Top of PROVIDED RECORDS

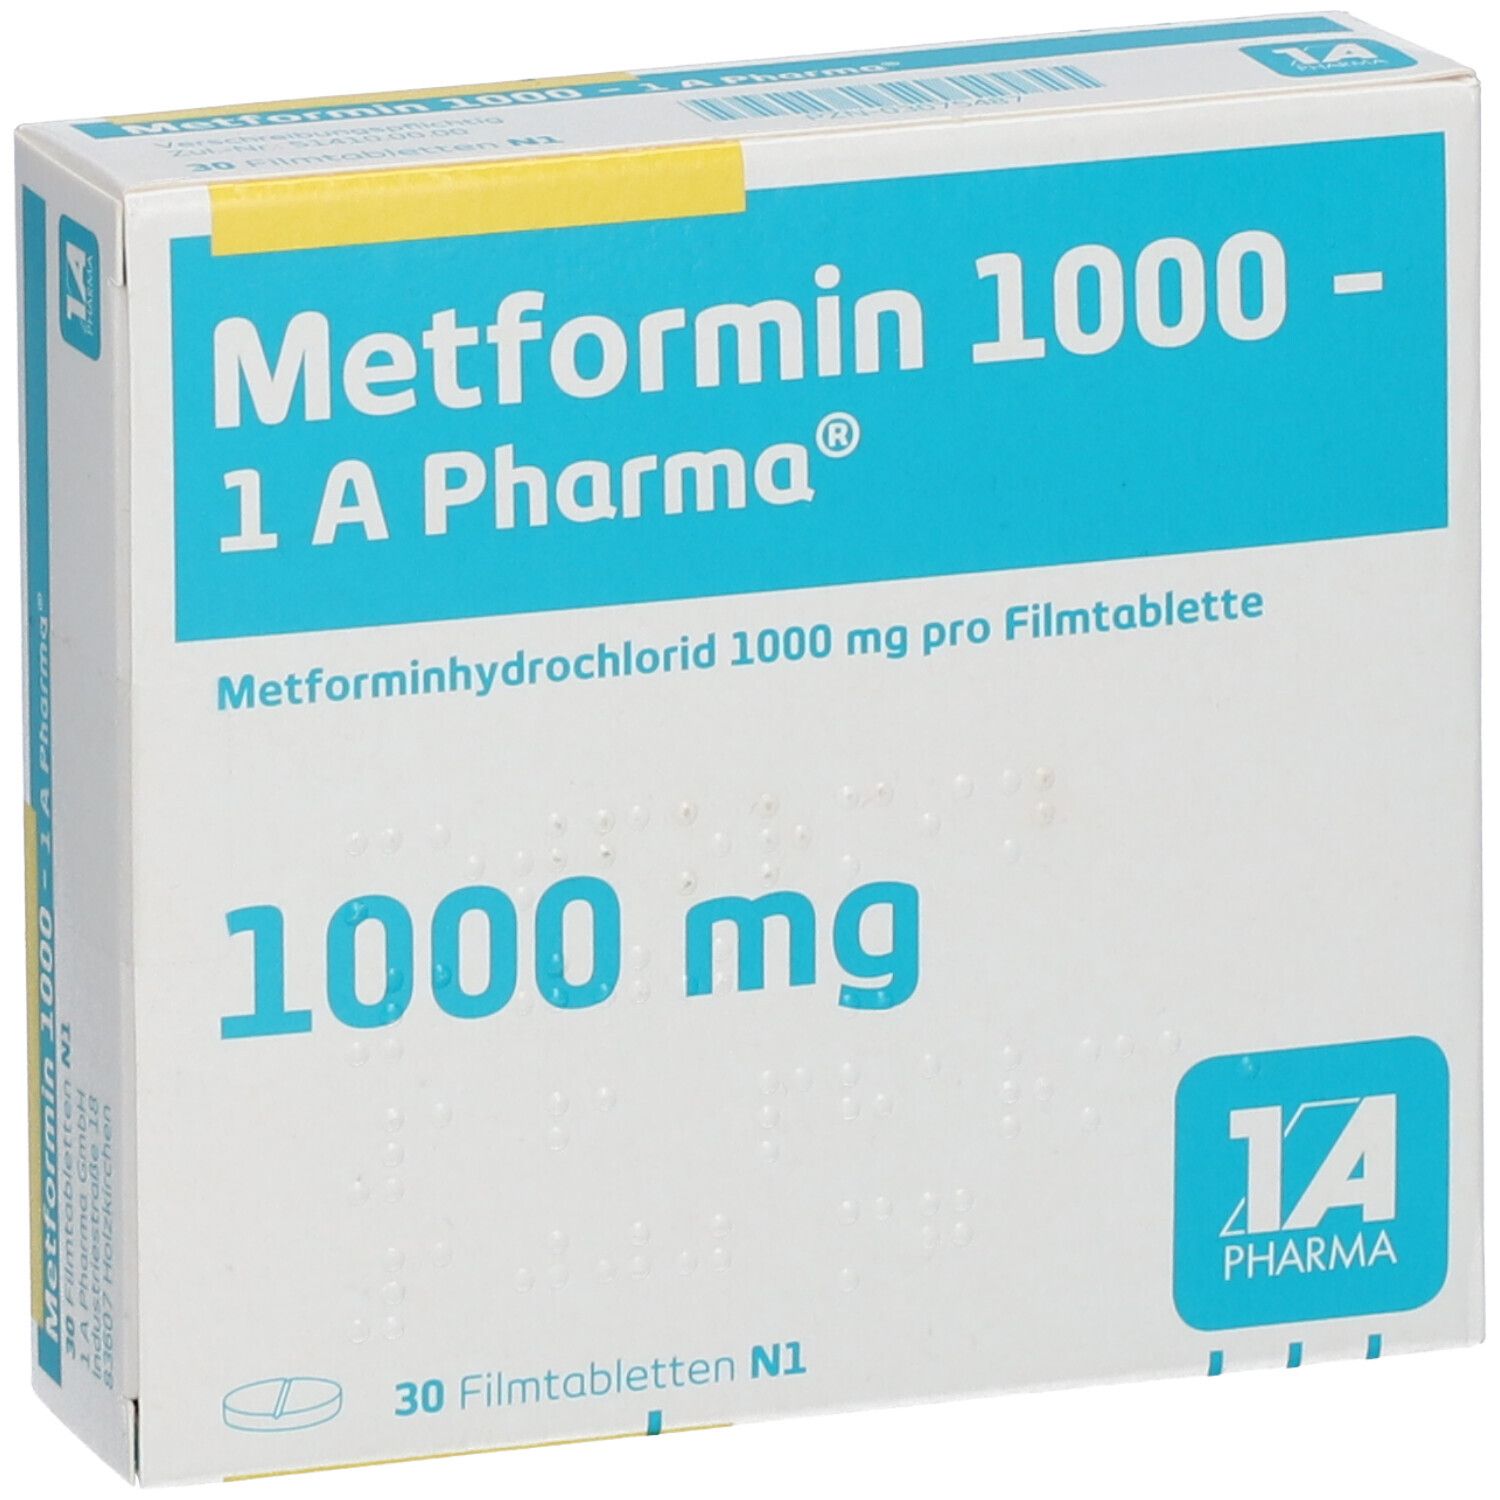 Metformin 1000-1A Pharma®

Bottom of PROVIDED RECORDS
Top of PROVIDED RECORDS

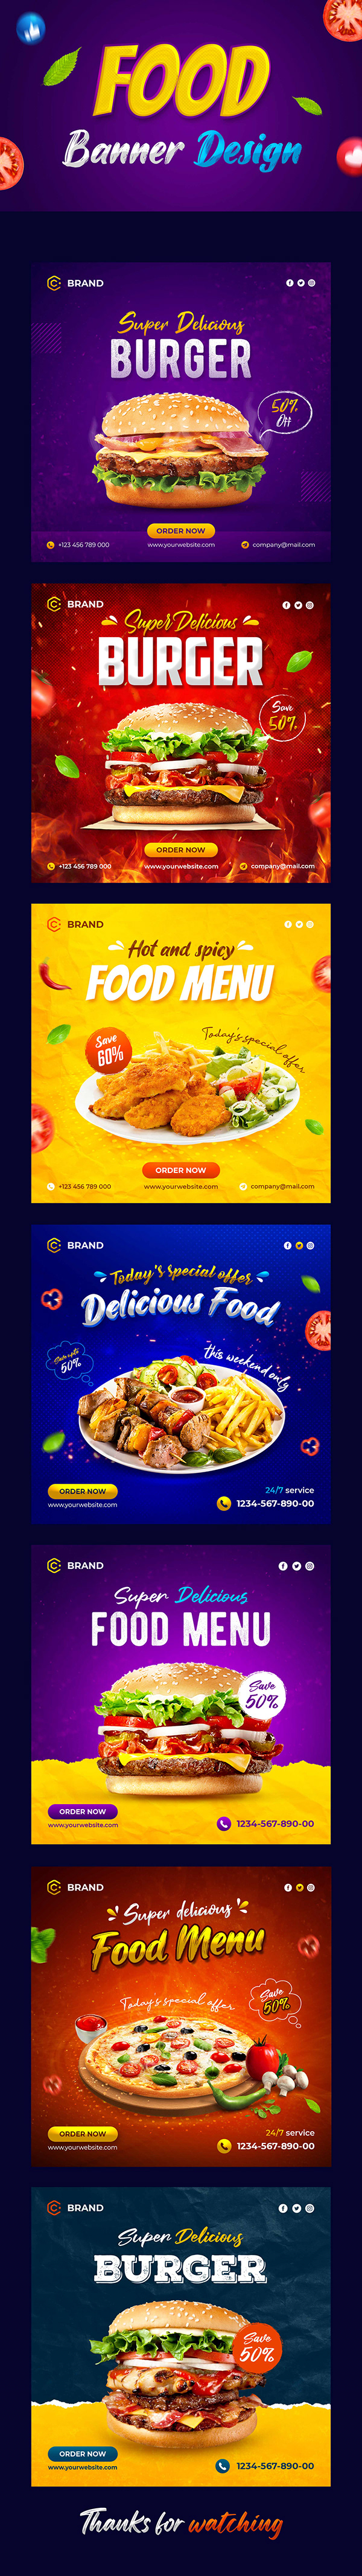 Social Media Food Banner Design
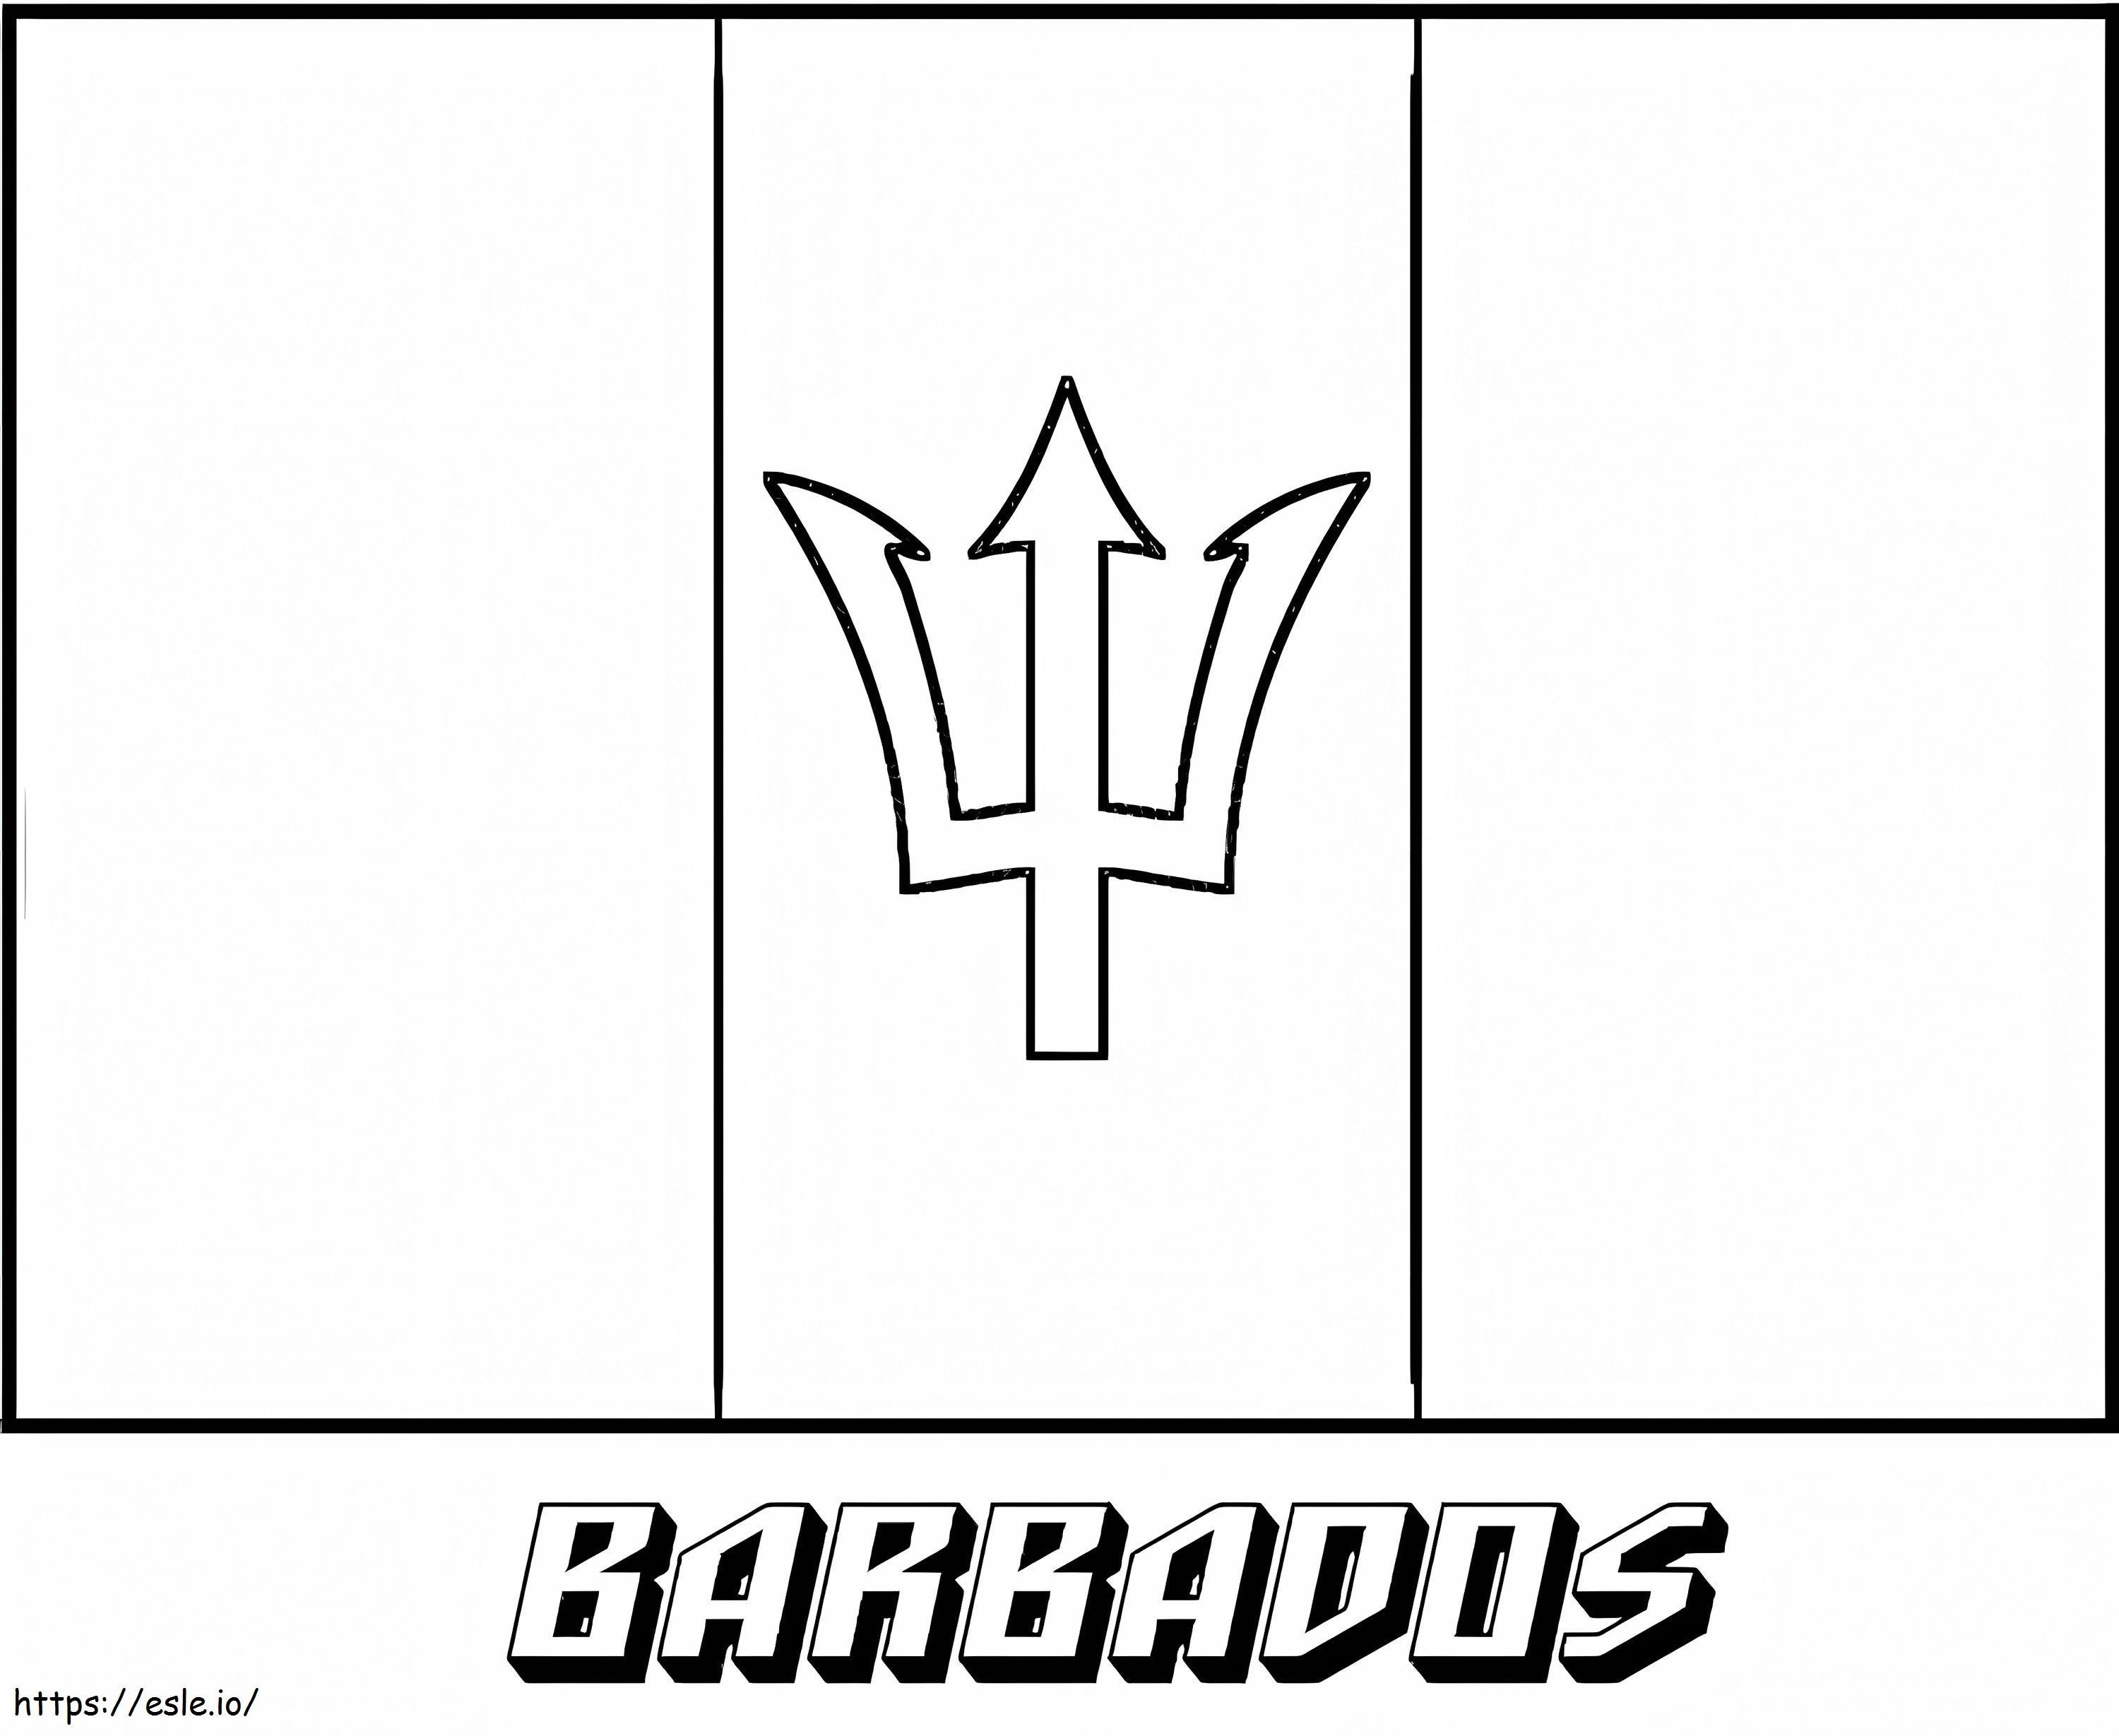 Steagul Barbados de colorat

Bottom of PROVIDED RECORDS

=== THE TASK ===
Exact copy, pictures excluded: from the line with "Social Media Food Banner Design" up to and including the line with "Steagul Barbados de colorat" in the data above.

=== TASK ANSWER ===
 Social Media Food Banner Design
 Steagul Barbados de colorat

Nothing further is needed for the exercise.